После этого на самые большие и самые лучшие из своих галер — от триер до кораблей с десятью рядами весел — он поместил двадцать тысяч солдат тяжелой пехоты и две тысячи лучников.
В этот момент какой-то начальник когорты, который двадцать лет сражался под начальством Антония и все тело которого было покрыто шрамами, горестно воскликнул, показывая ему одной рукой на свой меч, а другой — на свою иссеченную ранами грудь:
— О император! Почему ты не доверяешь этому мечу и этим ранам и все свои надежды возлагаешь на гнилое дерево? Предоставь финикийцам и египтянам биться на море, а нам дай землю, на которой мы приучены сражаться и умирать!
Но Юпитер, задумавший погубить Антония, лишил его разума. И потому Антоний, вместо того чтобы прислушаться к совету, казалось, вышедшему из уст самой Минервы, ограничился тем, что помахал рукой верному солдату, пытаясь подать ему этим жестом и сопровождавшей его улыбкой надежду, которой не было у него самого.
И в самом деле, все последнее время Антоний не был тем горячим, воинственным и находчивым человеком, каким его знали прежде.
В течение трех дней дул сильный ветер и море так бушевало, что о сражении не помышляли ни на той, на на другой стороне; на четвертый день, поскольку ветер стих, море успокоилось, и на пятый день флоты противников смогли двинуться навстречу друг другу.
Руководство вражеским флотом было следующим: Антоний и Публикола вели правое крыло, Целий — левое, а серединой командовали Марк Октавий и Марк Инстей.
Октавиан предоставил командование своим левым крылом Агриппе, а себе оставил правое крыло; серединой командовал Аррунций.

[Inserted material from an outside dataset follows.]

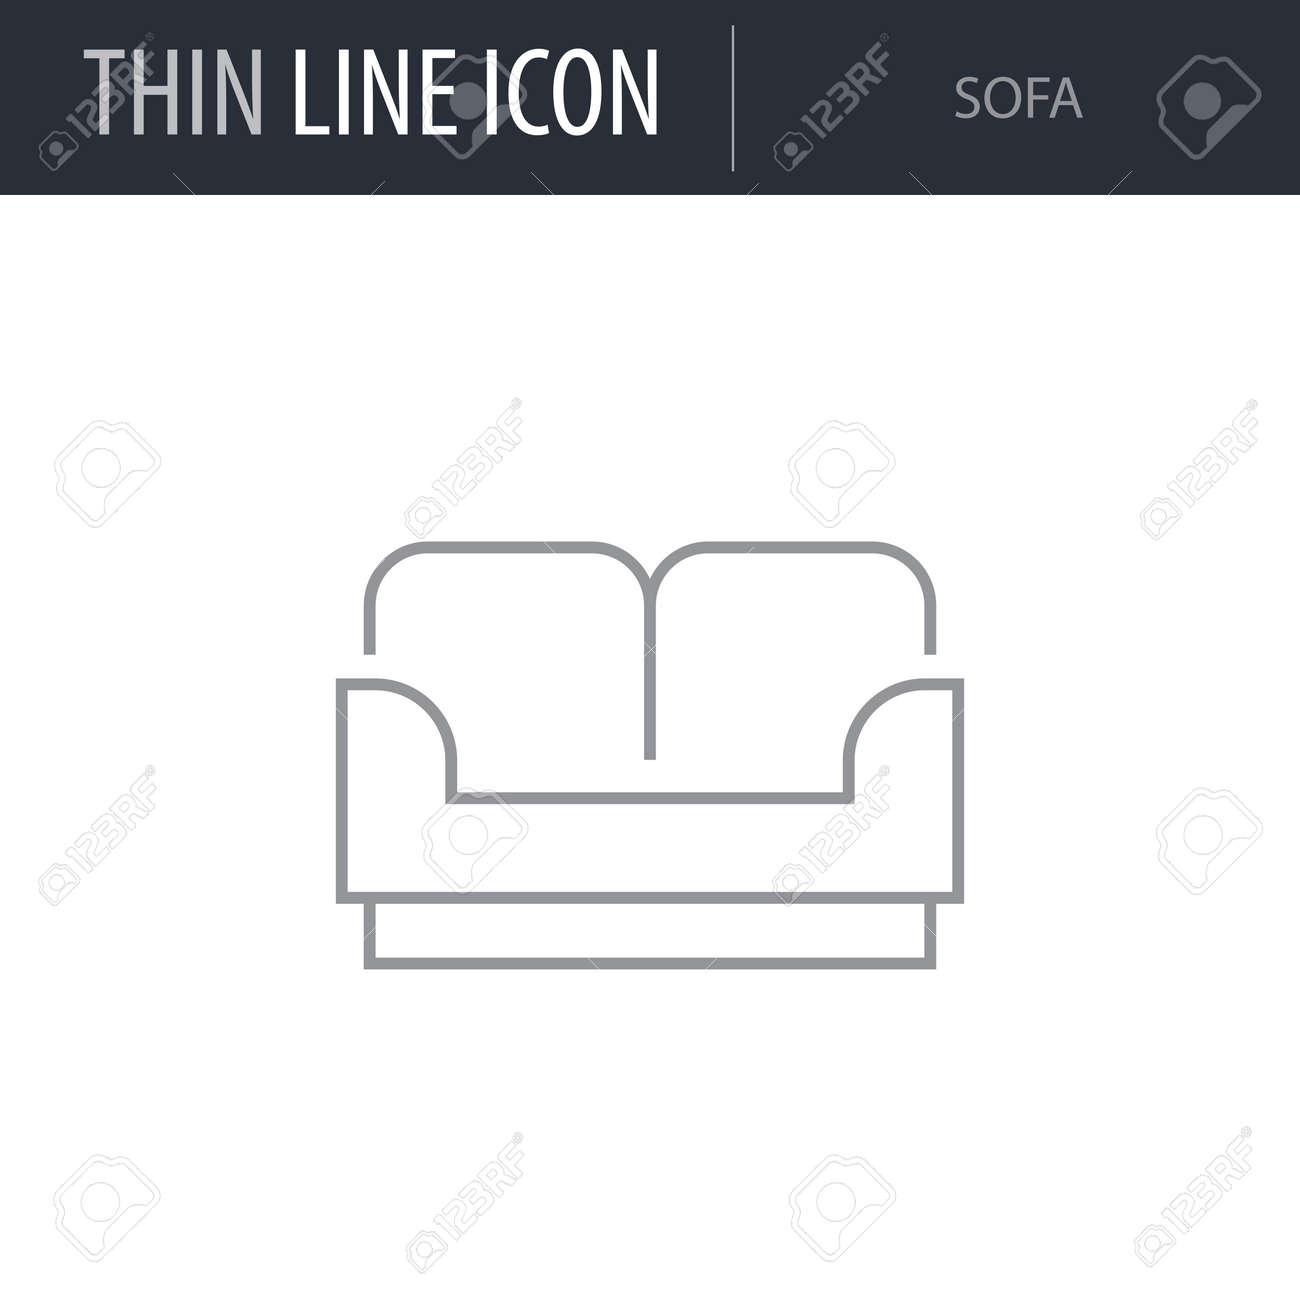 Terrific Symbol Of Sofa Thin Line Icon Of Furniture Stroke Pictogram Cjindustries Chair Design For Home Cjindustriesco

Что же касается сухопутных сил, то армией Антония командовал Канидий, армией Октавиана — Тавр.
Обе армии построились на берегу в боевой порядок, но пребывали в неподвижности, понимая, что они здесь лишь зрители битвы, которой предстоит решить судьбы мира.
Напоследок еще одно предзнаменование добавило уверенности Октавиану: выйдя рано утром из палатки, чтобы еще до рассвета осмотреть свой флот, он встретил какого-то человека, погонявшего осла, и поинтересовался его именем.

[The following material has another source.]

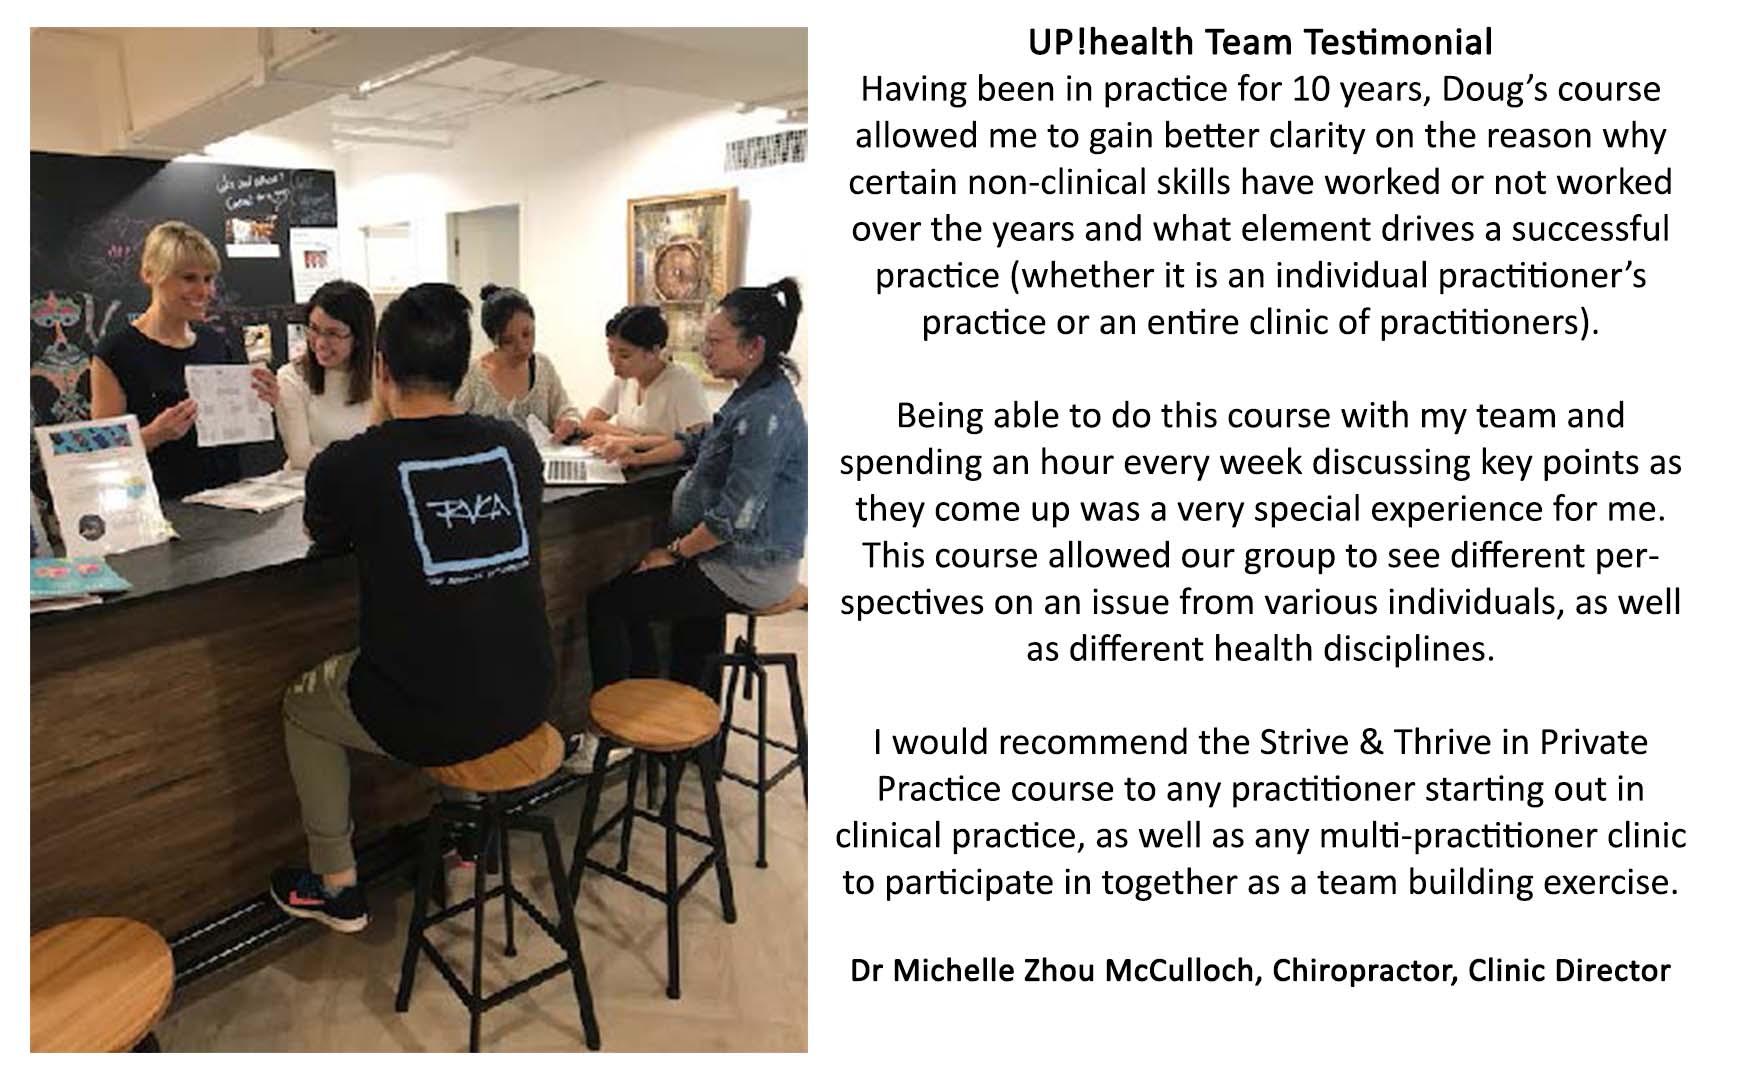 Uphealth testamonial

Погонщик узнал Октавиана и весело ответил ему:
— Цезарь, меня зовут Эвтих, а моего осла — Никон.
На греческом языке «Эвтих» означает «Счастливец», а «Никон» — «Победитель».
Вот почему, украсив после своей победы это место рострами захваченных им кораблей, Октавиан поставил там две скульптуры, смысла которых, без данного мною разъяснения, нельзя было понять: одна из них изображала осла, другая — погонщика. Обе они были из бронзы.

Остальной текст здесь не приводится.